WORK TO COMPLETE
Pictures are to be dropped from the copy. Retype the listing exactly.
___ RECORDED DATA ___
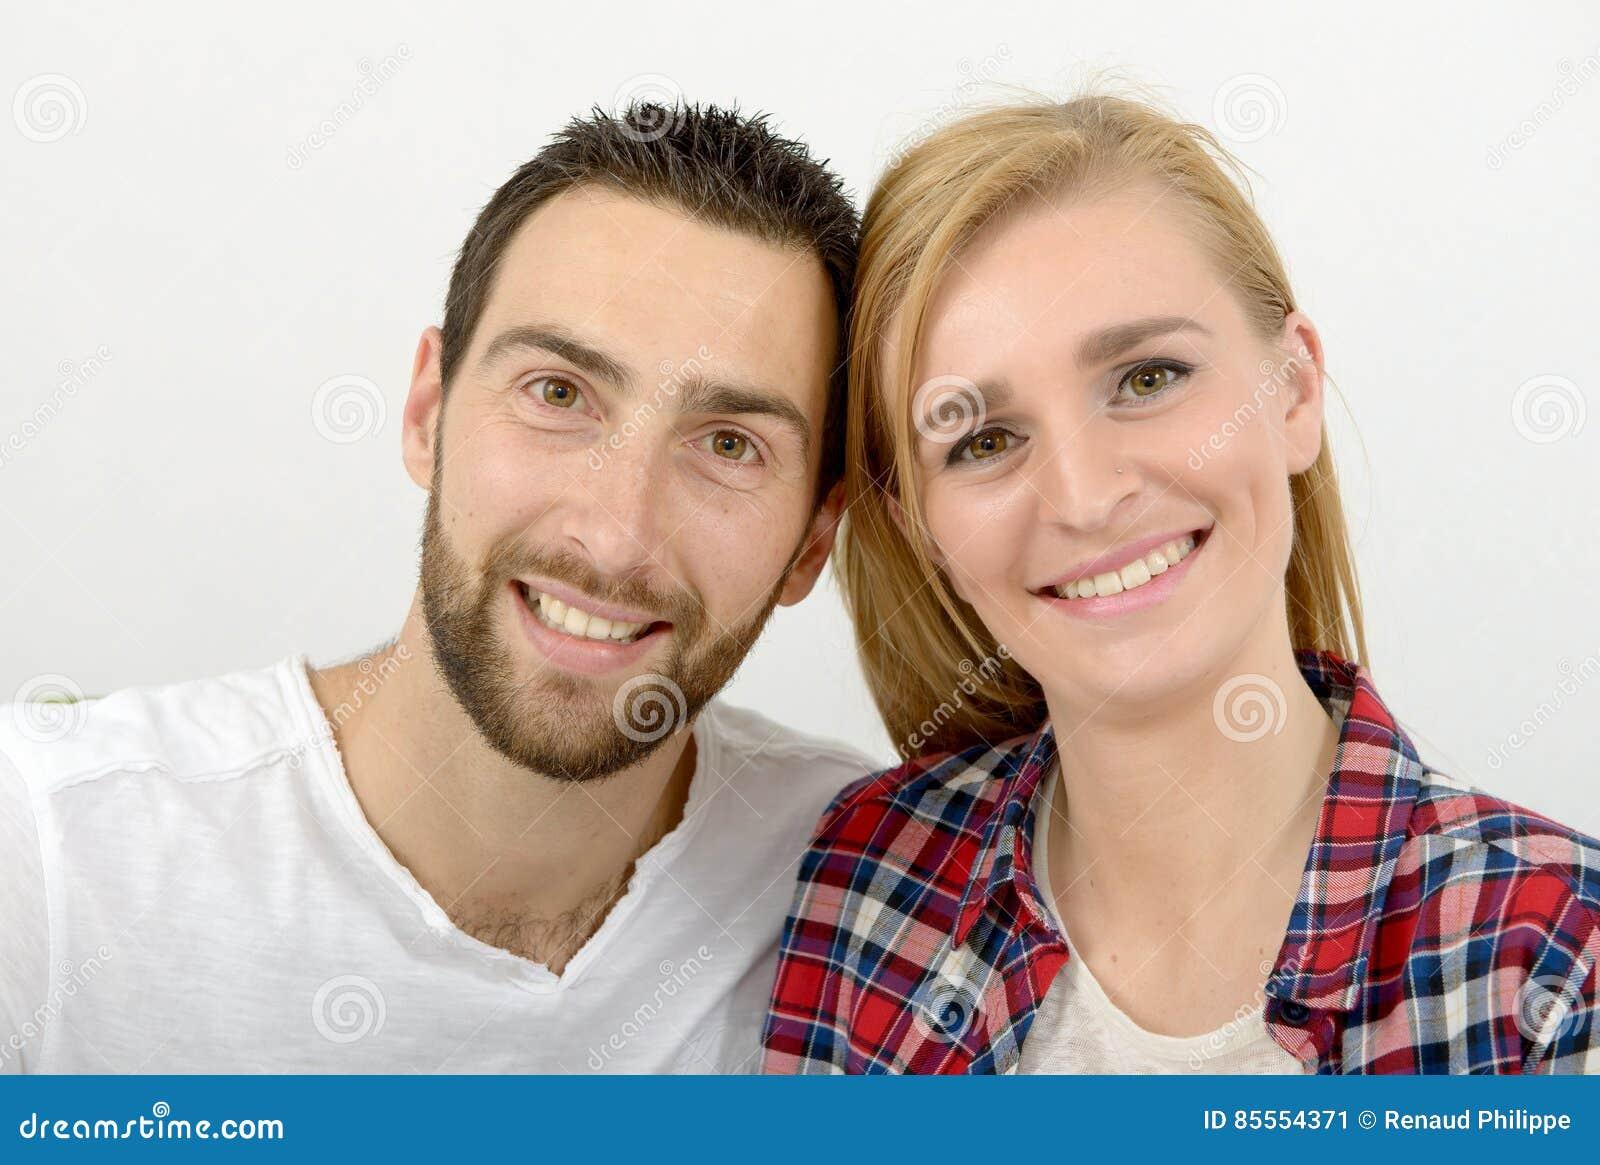 Portrait der glücklichen jungen Paare
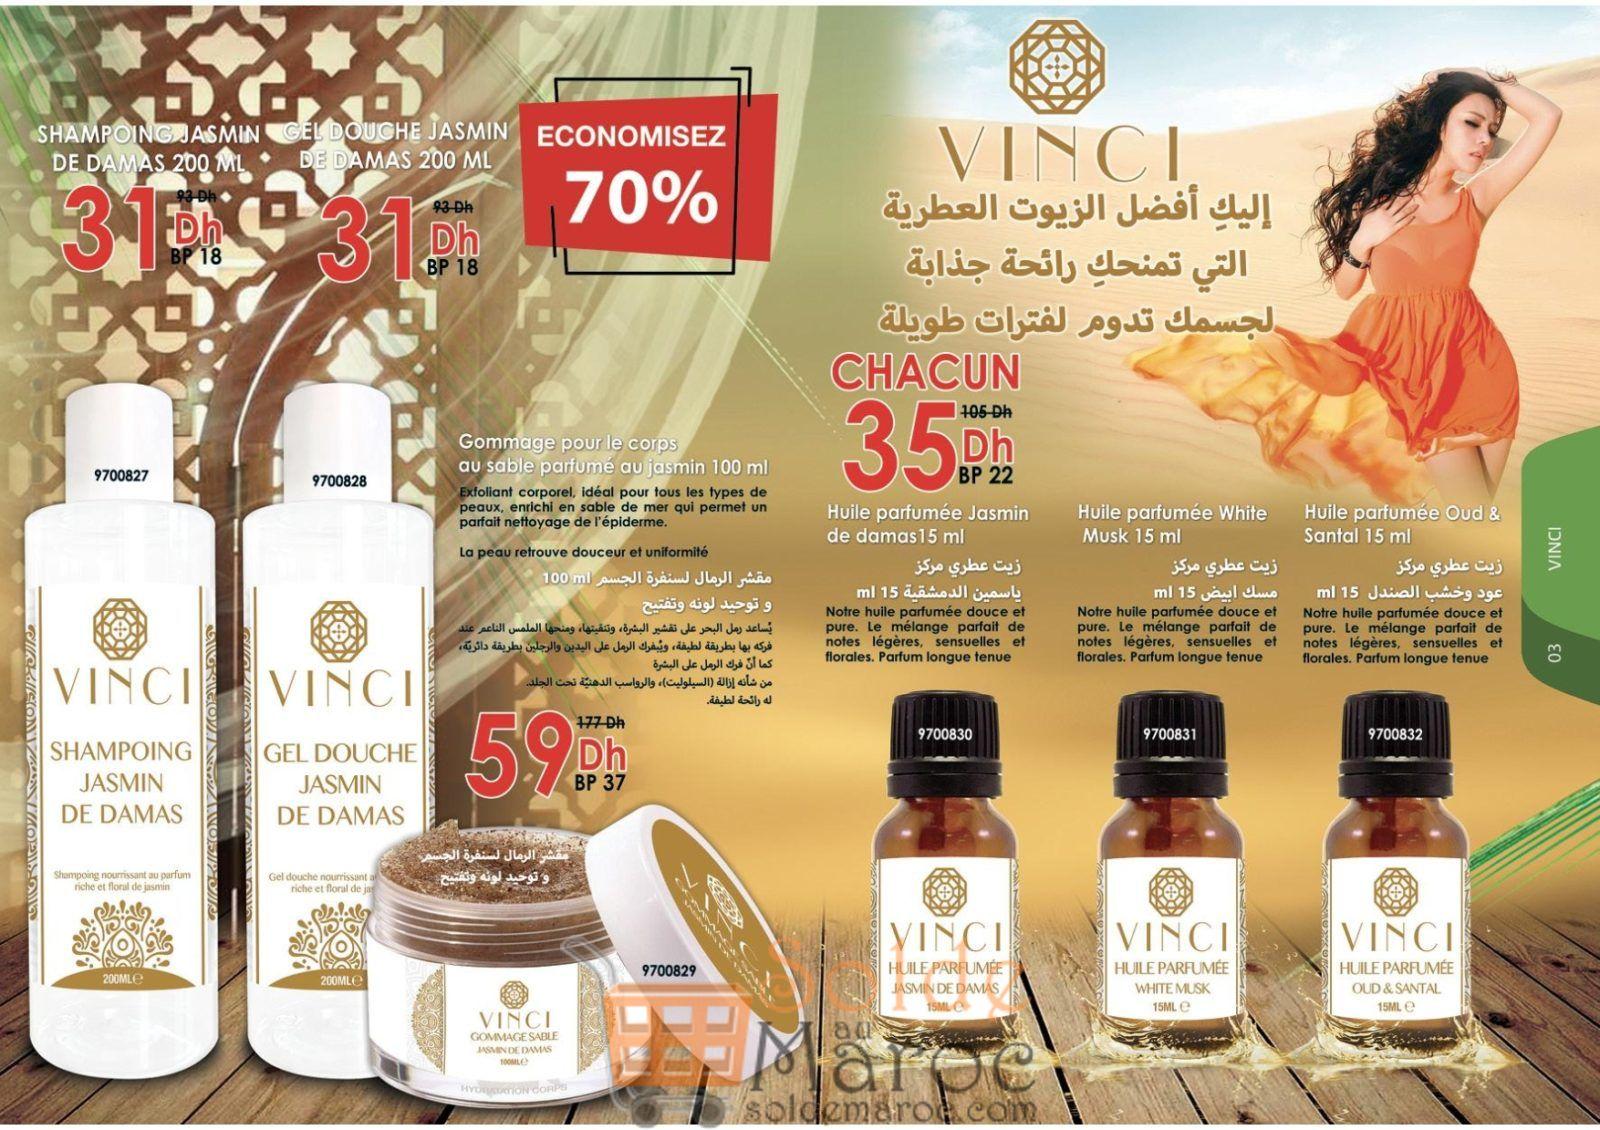 Catalogue Vinci Maroc Août 2018 – Solde et Promotion du Maroc
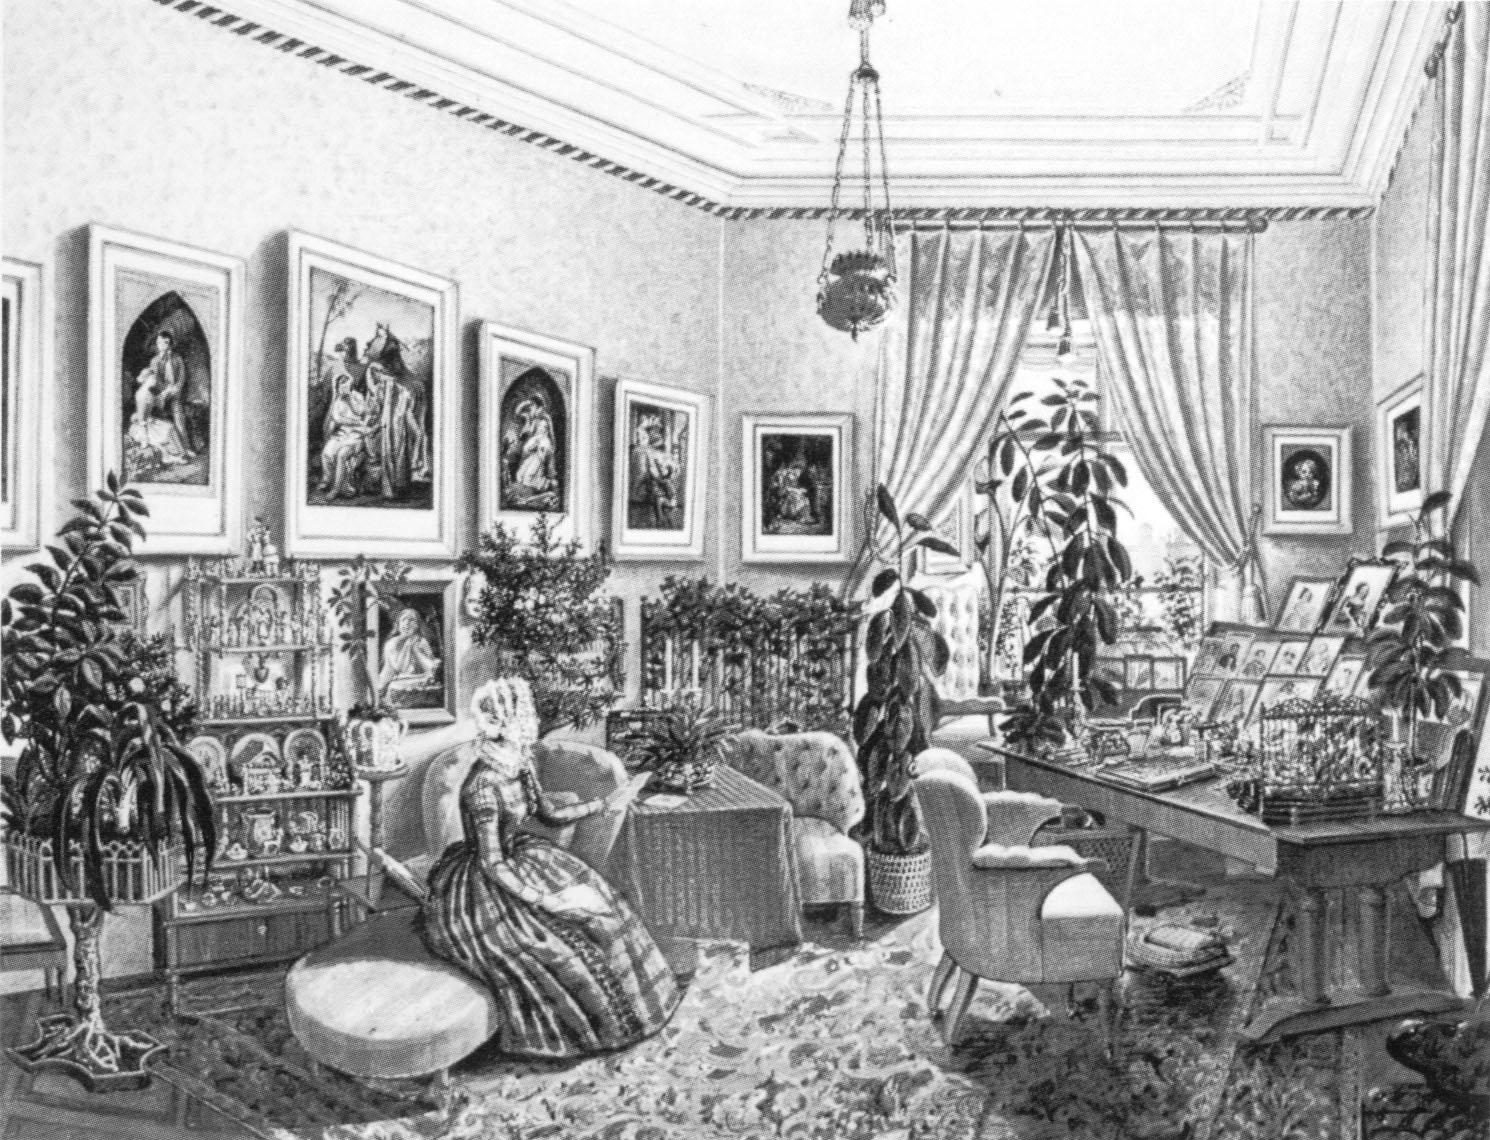 Kunstblatt for Wohnzimmer 19 jahrhundert
___
OUTPUT OF THE TASK
 Portrait der glücklichen jungen Paare
 Catalogue Vinci Maroc Août 2018 – Solde et Promotion du Maroc
 Kunstblatt for Wohnzimmer 19 jahrhundert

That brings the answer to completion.